Agri Business

Pink bollworm tears into the very fibre of Maharashtra’s cotton growers

Rahul Wadke Recently in Yavatmal | Updated on January 27, 2018

Withered hopes Cotton bolls eaten by pink bollworm at Baldi village in Yavatmal, Maharashtra.   -  RAHUL WADKE

1.3 million ha of the 4.2 million ha under the crop suspected to be infected by the pest

The colour pink is associated with love, beauty and fashion.. But in Yavatmal district of Maharashtra, pink has become synonymous with death and destruction. Pink bollworm (PBW) has ravaged the cotton crop in the district, where farmer suicide has been rampant.

The pink bollworm eat away the cotton fibre and the bolls, causing economic loss to the farmer. This reporter travelled across Yavatmal and saw lush cotton fields with tall shrubs, but the bolls eaten away by the worms.

Huge crop losses

According to first advanced estimate for 2017-18, the cotton acreage in Maharashtra will be 4.2 million hectares, compared with 3.8 million hectares last year. Of the total area under the fibre, about 1.3 million hectares are suspected to be infected with the PBW .

Agriculture experts and farmers fear crop loss ranging from 50 to 80 per cent in the district, which is a part of the larger Vidarbha region. The devastation is especially acute in Umarkhed taluk.

Farmers are angry, particularly with the large companies that sold them genetically-modified seeds, which were supposed to protect their cotton crop from just this pest — the pink bollworm.

Production hit

28-year-old Rehan Ullah Khan, whose 5-acre farm is located in Baldi village close to Umarkhed town, is in deep distress. Khan says he was expecting at least 100 quintals, but due to the pest attack, he could collect barely 30 quintals.

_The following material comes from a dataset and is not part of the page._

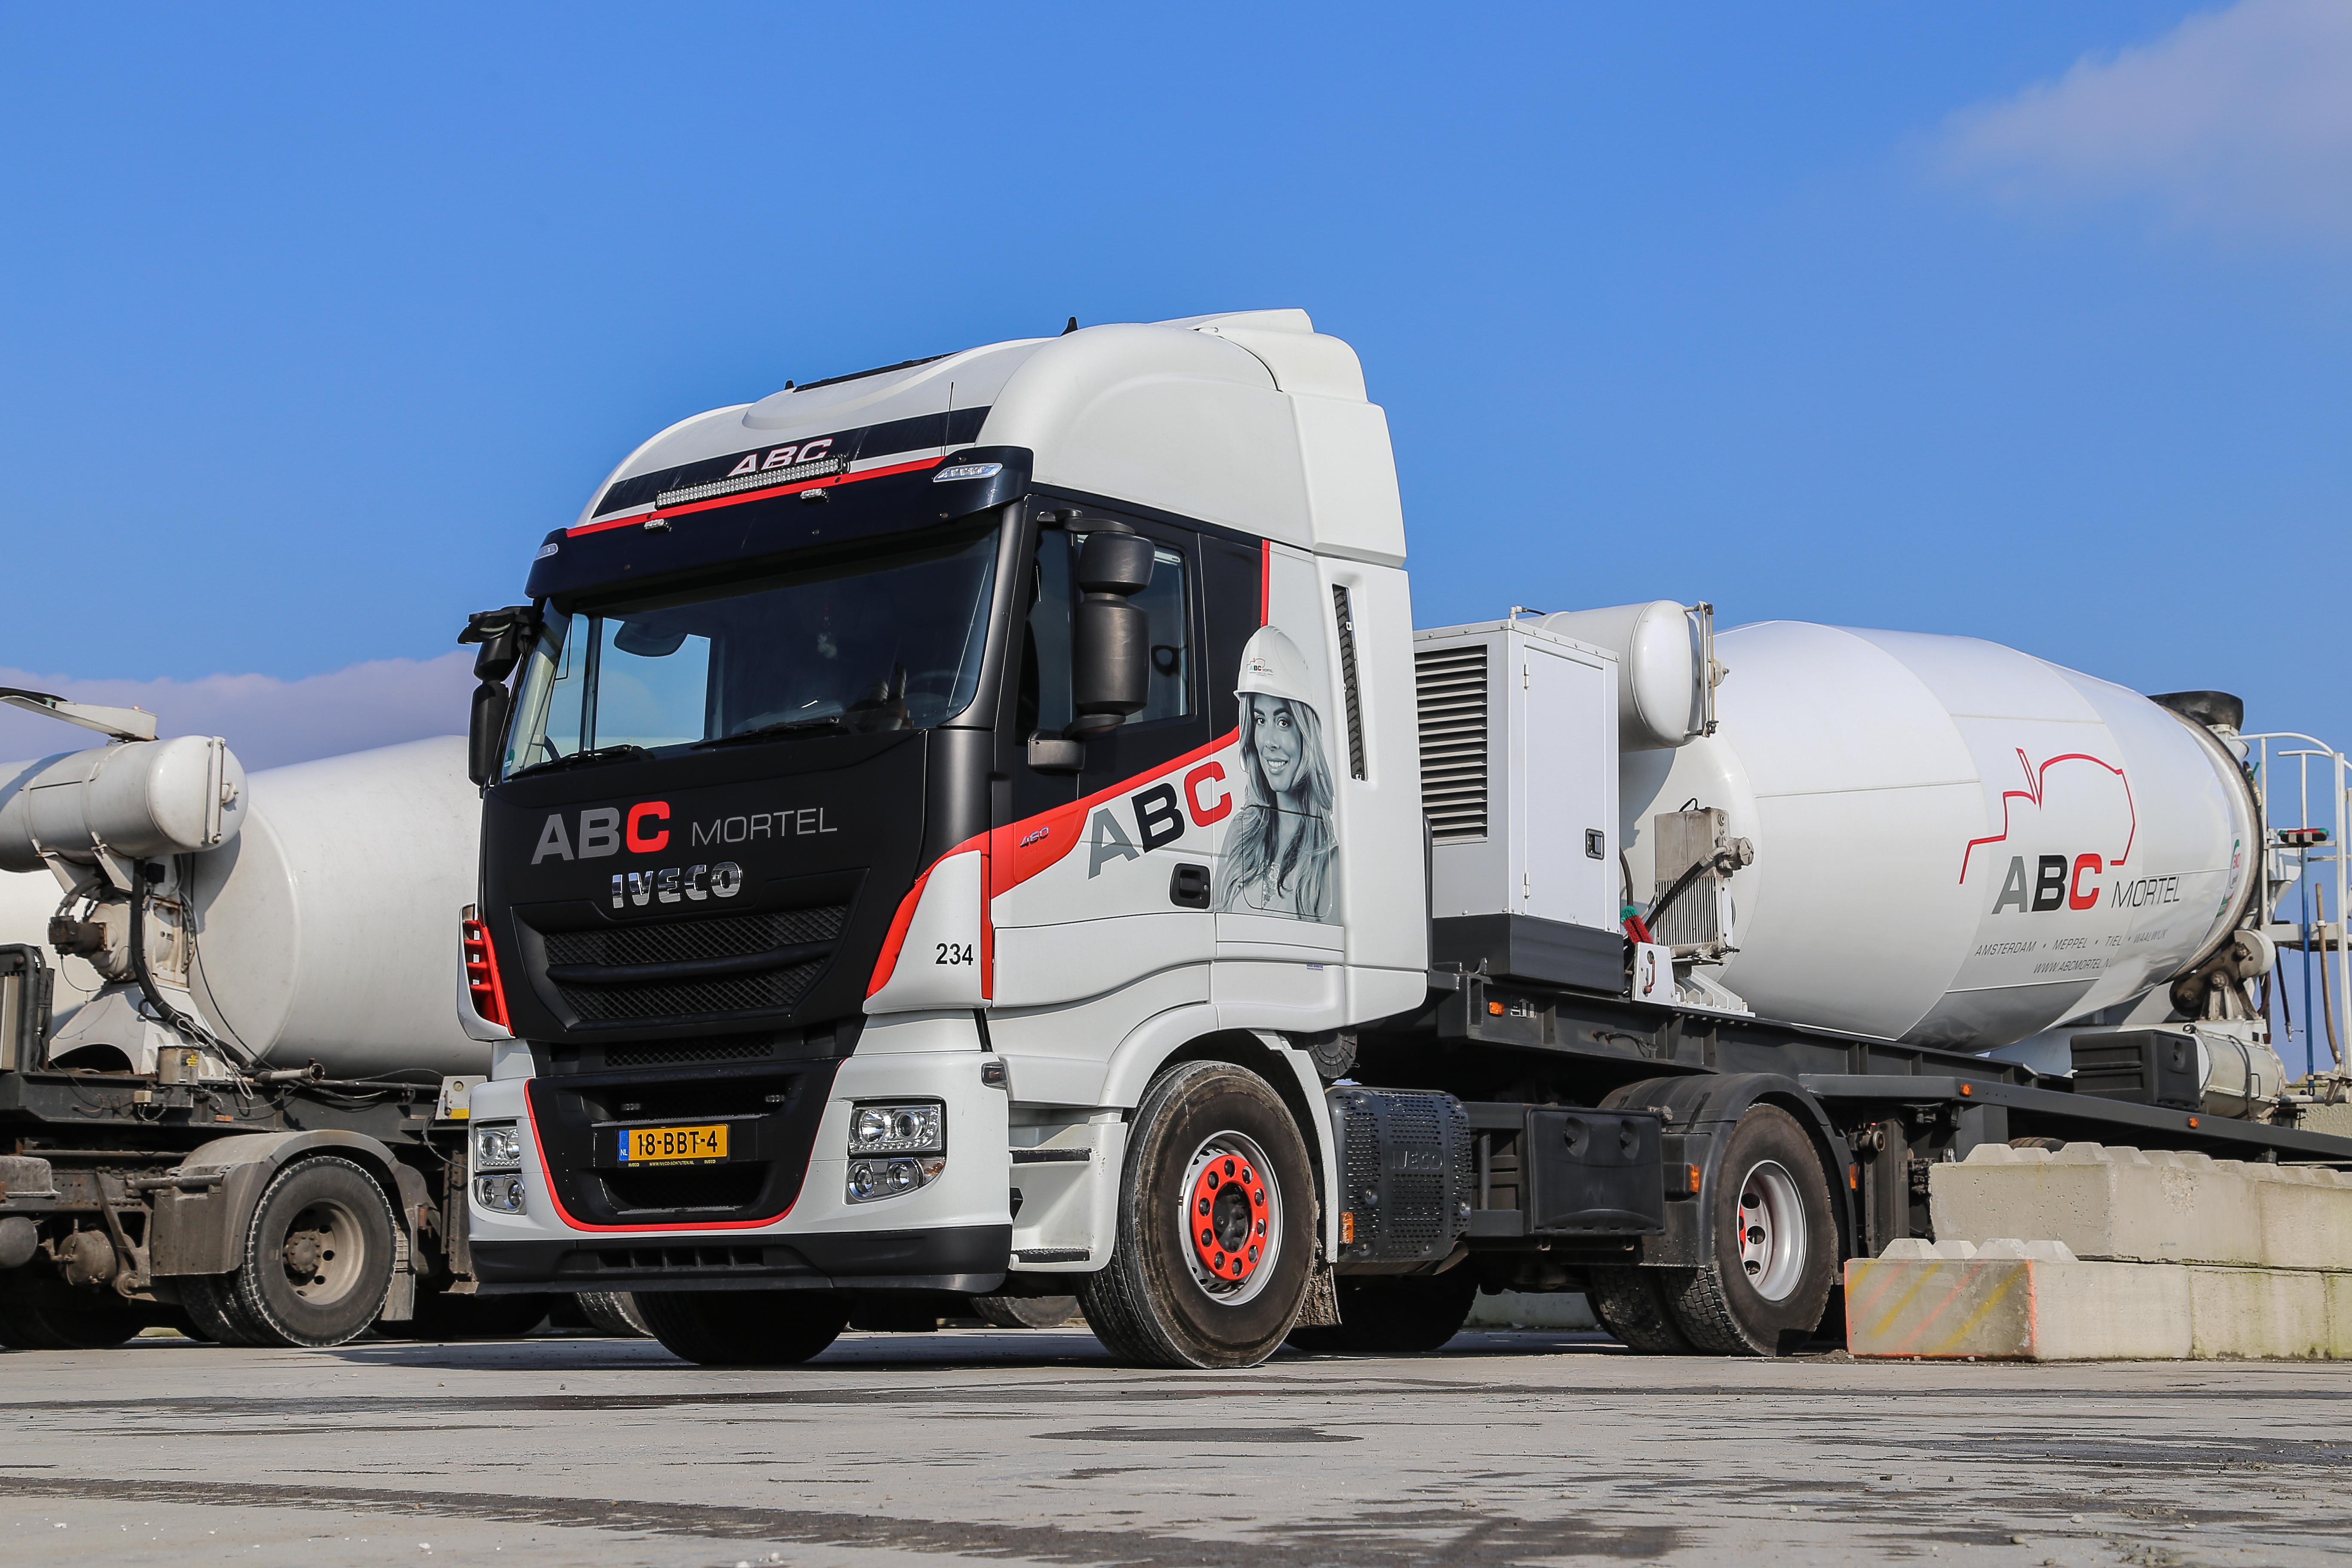 <p>Wat betreft de vrachtwagens investeerde ABC Mortel recentelijk vooral in Iveco&#8217;s. De argumenten die pleiten voor Iveco, zijn nagenoeg dezelfde als die voor de Case opgaan.</p>

Khan is not even confident of recovering the ₹1 lakh input cost, forget the ₹4 lakh he had hoped earn selling his cotton produce.

“In early October, I realised that the bolls are long past their time to ripen and burst open to reveal the cotton fibre. Today, due to the attack, I have no alternative but to uproot the cotton shrubs,” he said. He said that though the State government is promising monetary assistance to the farmers, it will require a lot of supporting documents, which farmers do not have. Farmers rarely keep records of their purchases or empty seed packs.

Coming after last year’s demonetisation troubles, caused massive problems to the farmers. This year it is pink bollworms. The problems of farmers continue in Yavatmal.

Amol Patingrao, a cotton farmer from Krishnapur village in Umarkhed taluk, too, has a similar tale to share. Patingrao has a 10-acre farm on whichhe had planted cotton (8 acres) and turmeric (2 acres).

“This year, rain was also irregular which led to multiple pests attacks. But bollworm caused the maximum damage. Even the increased dosage of insecticides did not help as the PBW infests the main cotton boll, which is closed from all sides. Once a worm enters the boll, it seals the entry hole but continues to devour the fibre from inside,”

Patingrao hoped to harvest 80 quintals of the fibre but has managed only 20 quintals. His turmeric crop was also damaged by the irregular rain and attack by the white grub pest. “The failure of the two crops has destroyed my life,” Patingrao laments.

Government aid

Maharshtra’s Minister for Agriculture Sadabhau Khot has announced that cotton farmers will be compensated for losses incurred becasue of the PBW attack. Surveys of the affected area are under way, but the methods of providing the compensation are yet to be worked out.

Veteran farm leader and Chairman of Vasantrao Naik Shetkari Swavalamban Mission Kishor Tiwari told BusinessLine that the government is in a state of a shock given the devastation brought about by the PBW. By initial estimates, the State’s cotton economy has lost about ₹10,000 crore.

This is an unprecedented situation as over 50 per cent of the cotton crop has now been lost to the bollworm. The pink bollworm attack should have been repulsed by the genetically-modified seeds. But that did not happen, he rues.